### [TASK STATEMENT]
Strip the pictures and reproduce the rest of the listing exactly.

### [PROVIDED MATERIAL]
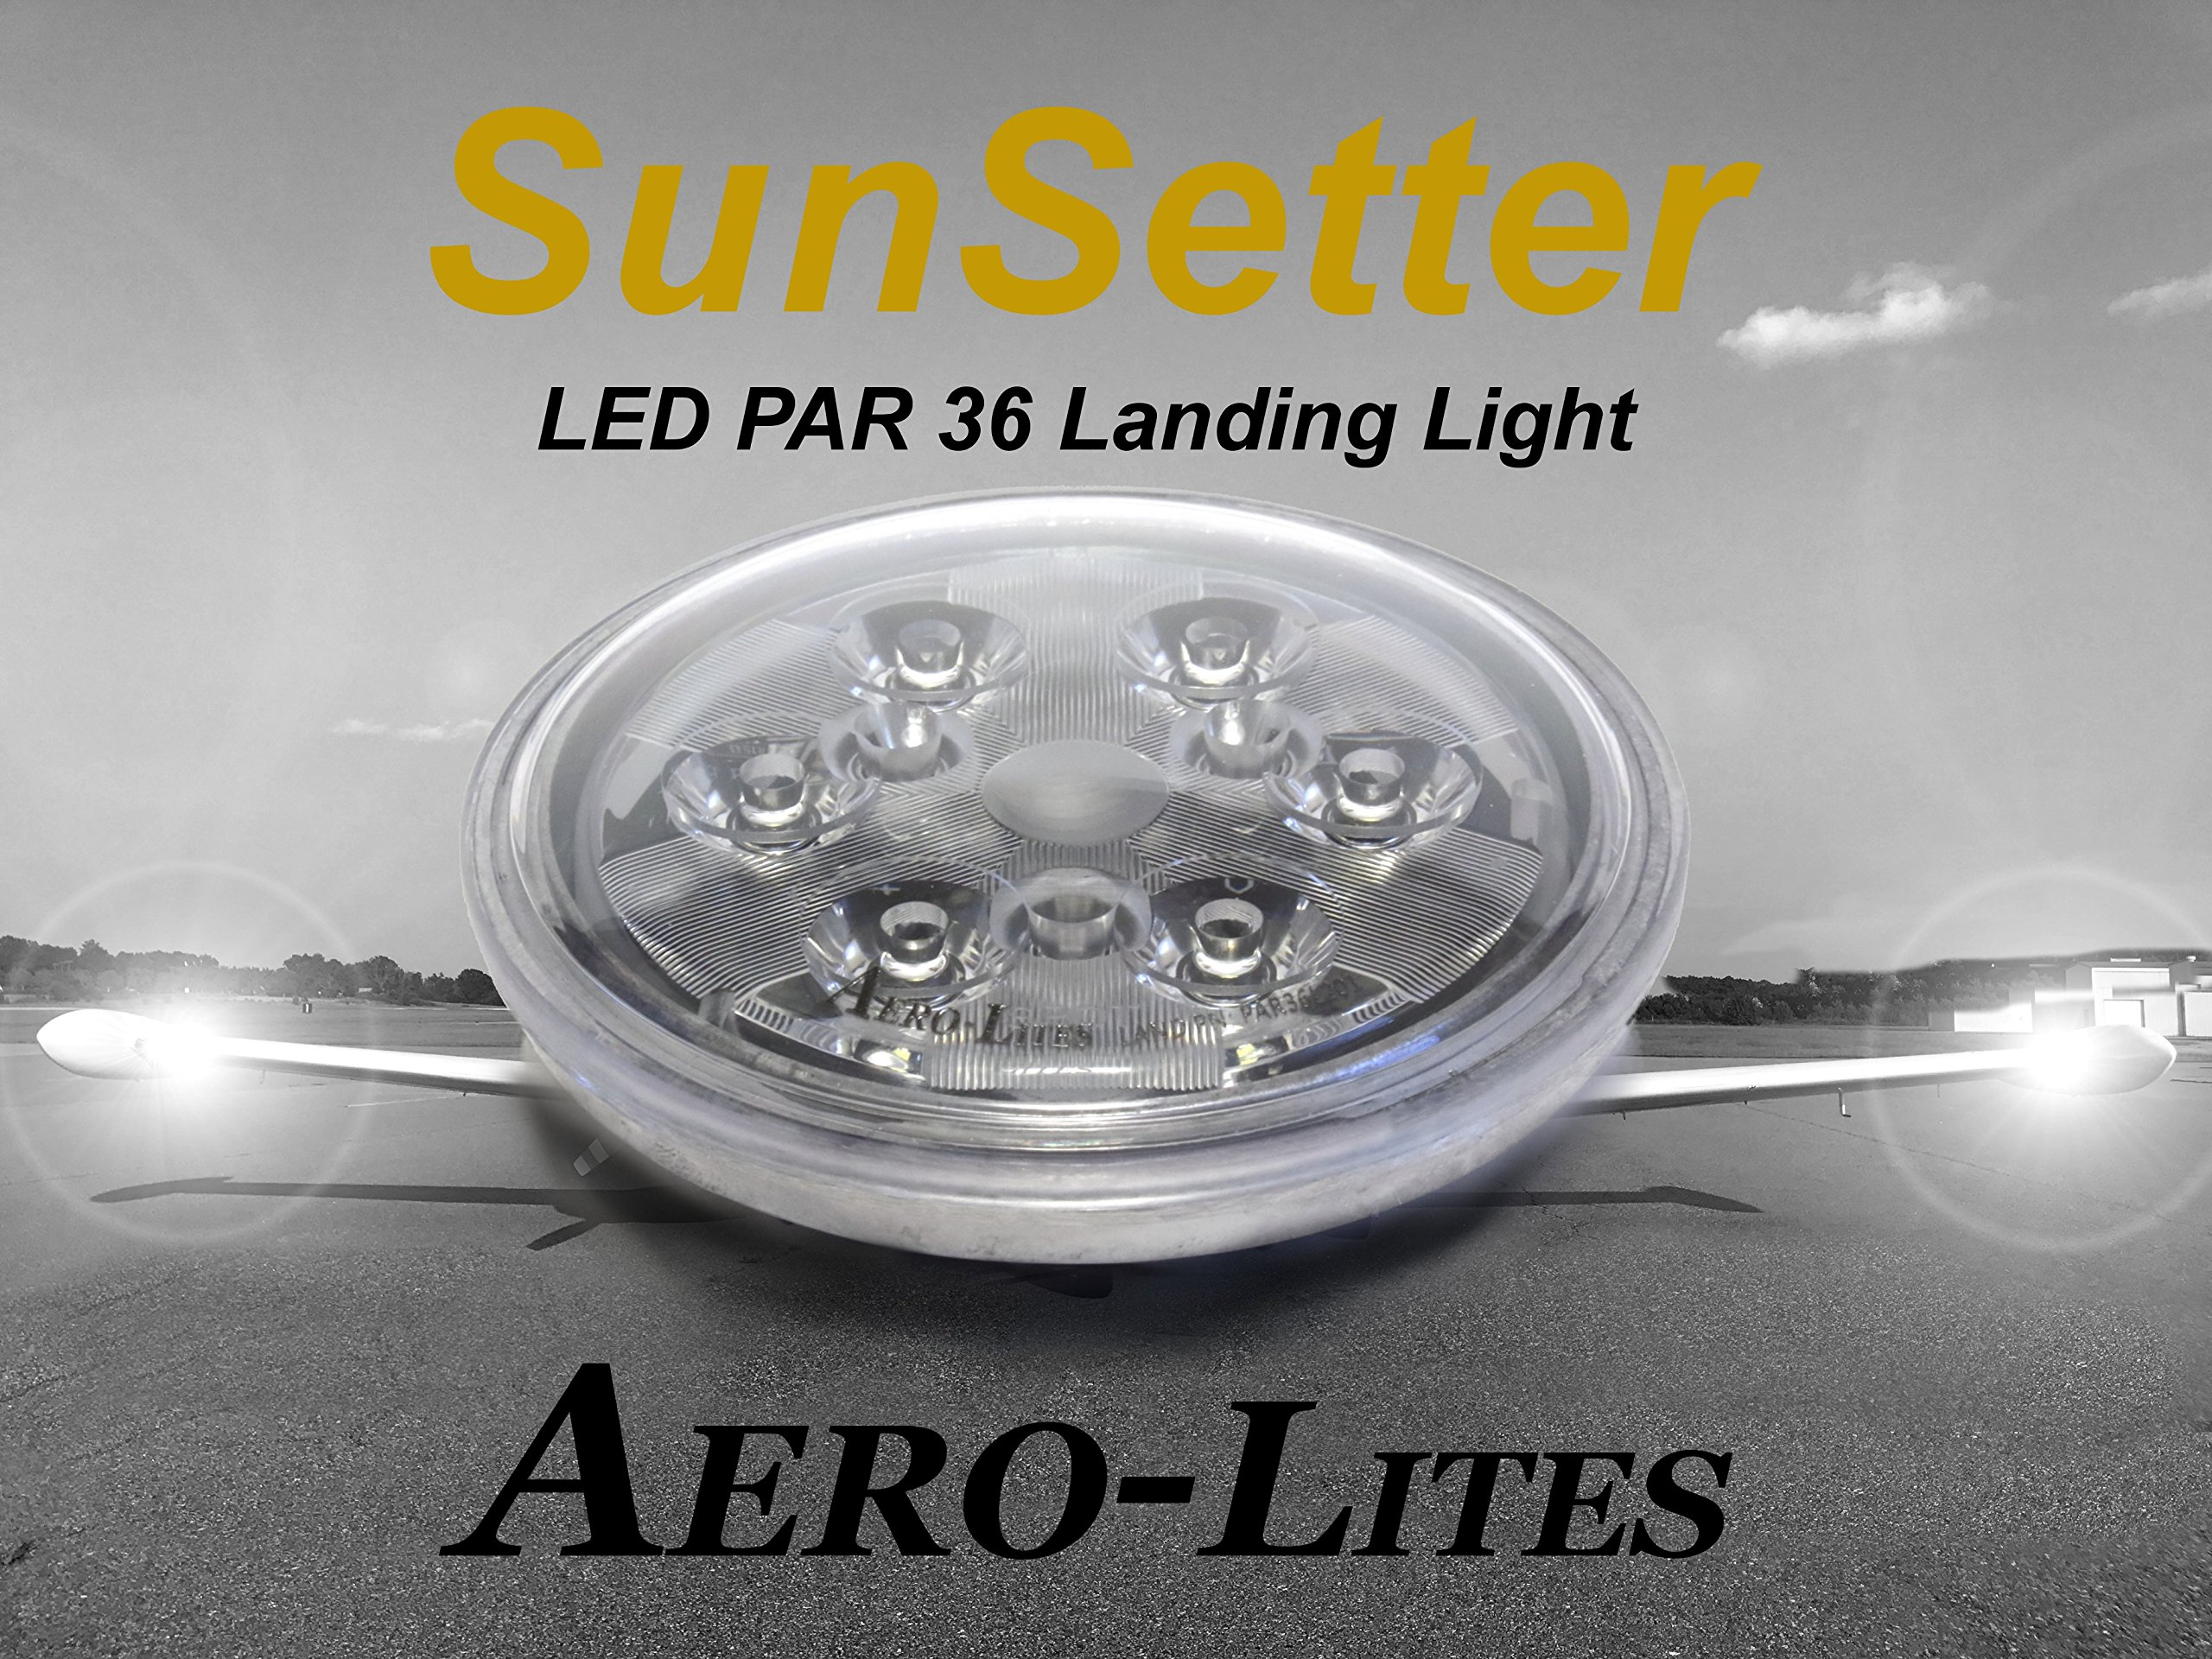 Aero-Lites LED Landing Light - PAR36 Drop-in Replacement for GE4509 14-28 volt by Aero-Lites
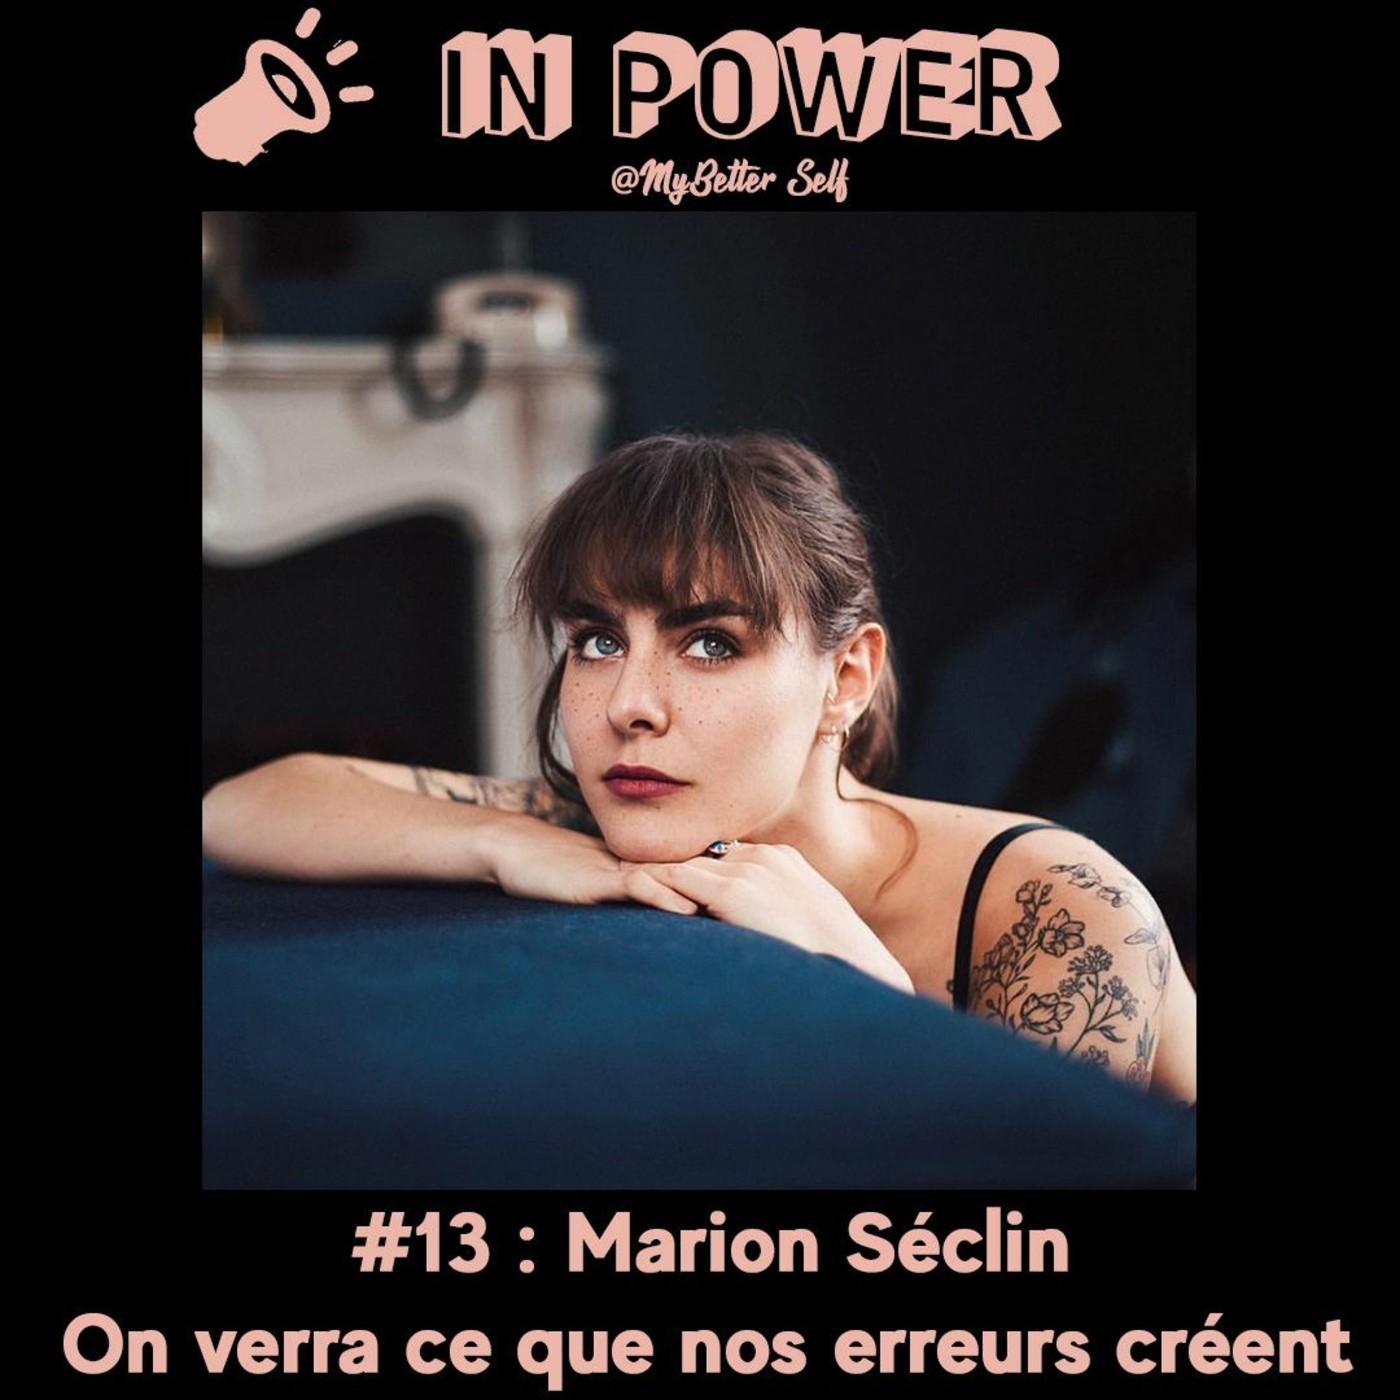 Marion Seclin - On verra ce que nos erreurs créent
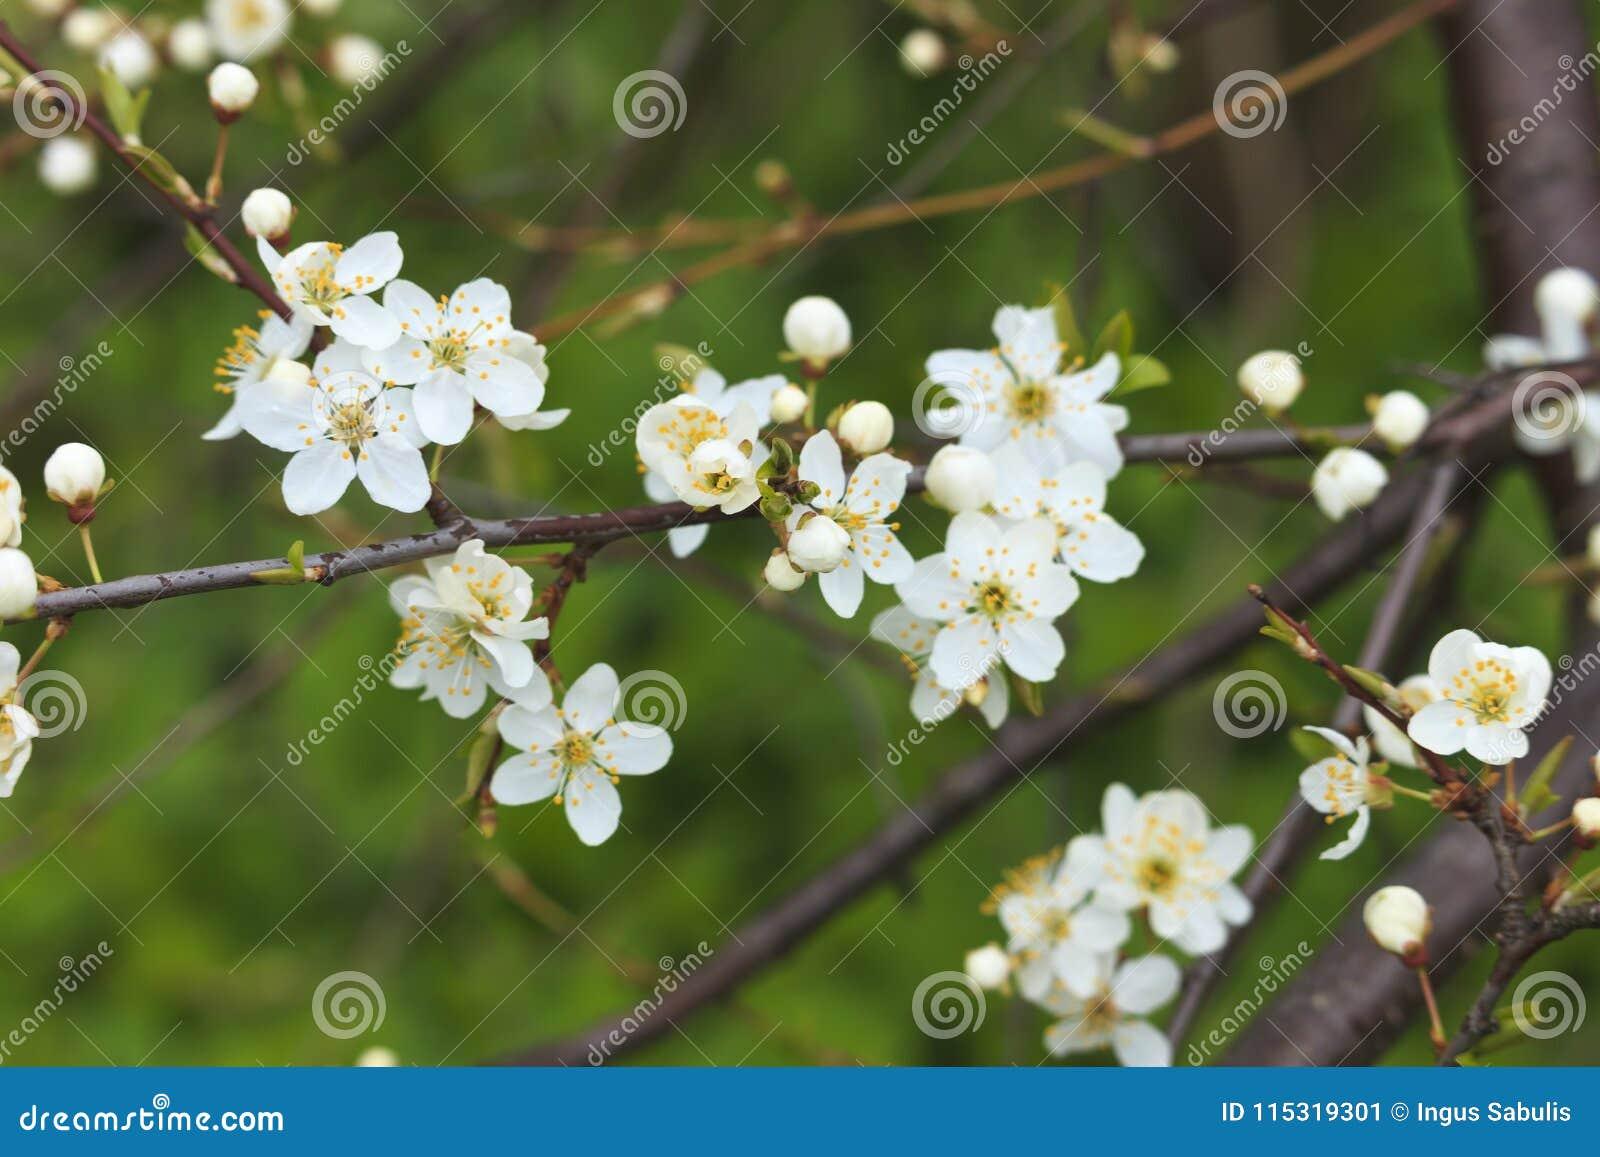 Blooming wild plum tree in daylight stock image image of blooming wild plum tree in daylight white flowers in small clusters on a wild plum tree branch mightylinksfo

### [FINISHED TASK]
 Aero-Lites LED Landing Light - PAR36 Drop-in Replacement for GE4509 14-28 volt by Aero-Lites
 Marion Seclin - On verra ce que nos erreurs créent
 Blooming wild plum tree in daylight stock image image of blooming wild plum tree in daylight white flowers in small clusters on a wild plum tree branch mightylinksfo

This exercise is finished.